NVIDIA Declares: It Hasn't Turned Its Back on 64-bit Computing
2025-12-14 / Read about 0 minute
Author:小编   

In recent times, the meteoric rise of artificial intelligence (AI) has exerted a profound impact on the trajectory of chip development. NVIDIA has put AI performance front and center, spurring a steady decline in computational precision, shifting from FP64 and FP32 down to FP16, FP8, and even FP4. Take the Blackwell architecture as a case in point. Its highly touted NVFP4 standard, while keeping precision loss to a bare minimum, boosts the performance of the GB300 graphics card by 50%, slashes memory usage by two to three times, and enhances energy efficiency by up to 50 times. However, this strategic pivot has sparked concerns within the scientific computing community. FP64 performance has taken a nosedive, dropping from 34 TFLOPS in the H100 series to a mere 1.2 TFLOPS in the B300 series. This decline poses significant hurdles for scenarios that demand high-precision computing, such as climate modeling and fluid dynamics.

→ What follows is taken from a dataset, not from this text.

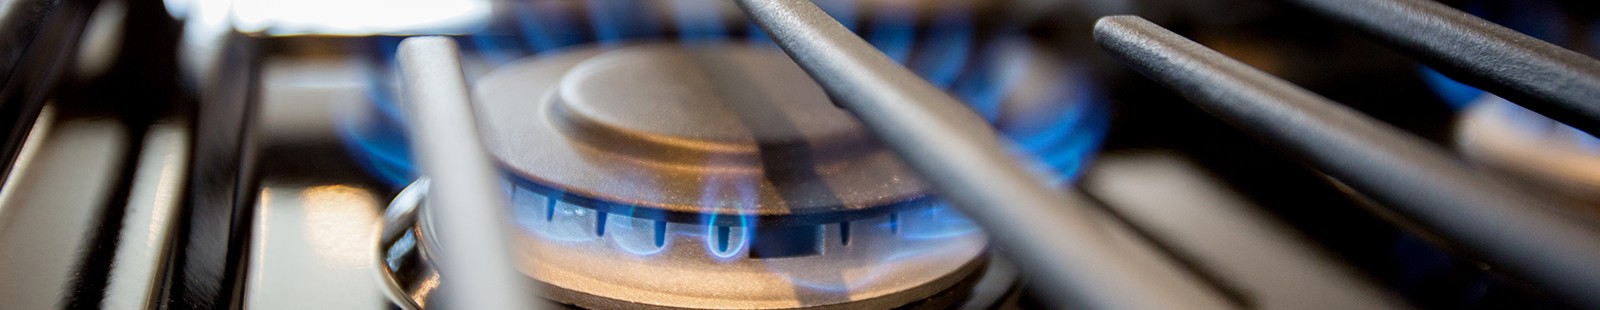 Up-close of gas burner
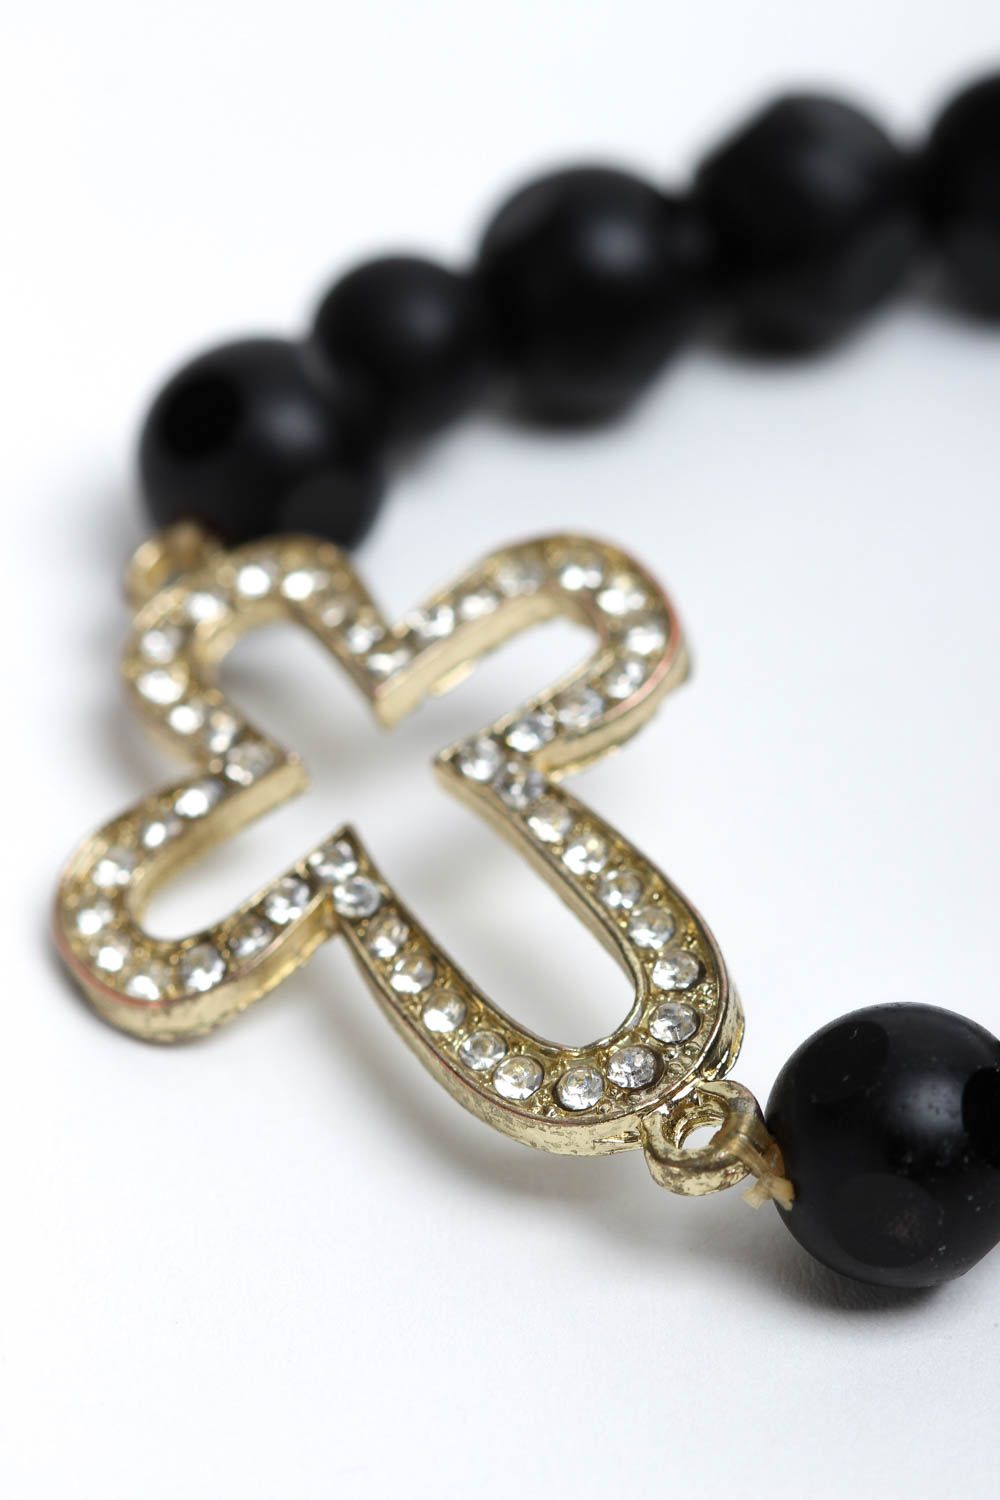 Beaded bracelet evening designer bracelet fashion jewelry with natural stones photo 3

Although NVIDIA has managed to enhance FP64 simulation performance by 1.8 times through its cuBLAS math library and has vowed to bolster core underlying computational capabilities in future GPUs, the academic world remains wary of the ongoing precision decline. This divergence in technological strategies underscores the deep-rooted conflict between the escalating demands for AI computational power and the delicate balance between precision and efficiency in traditional scientific computing.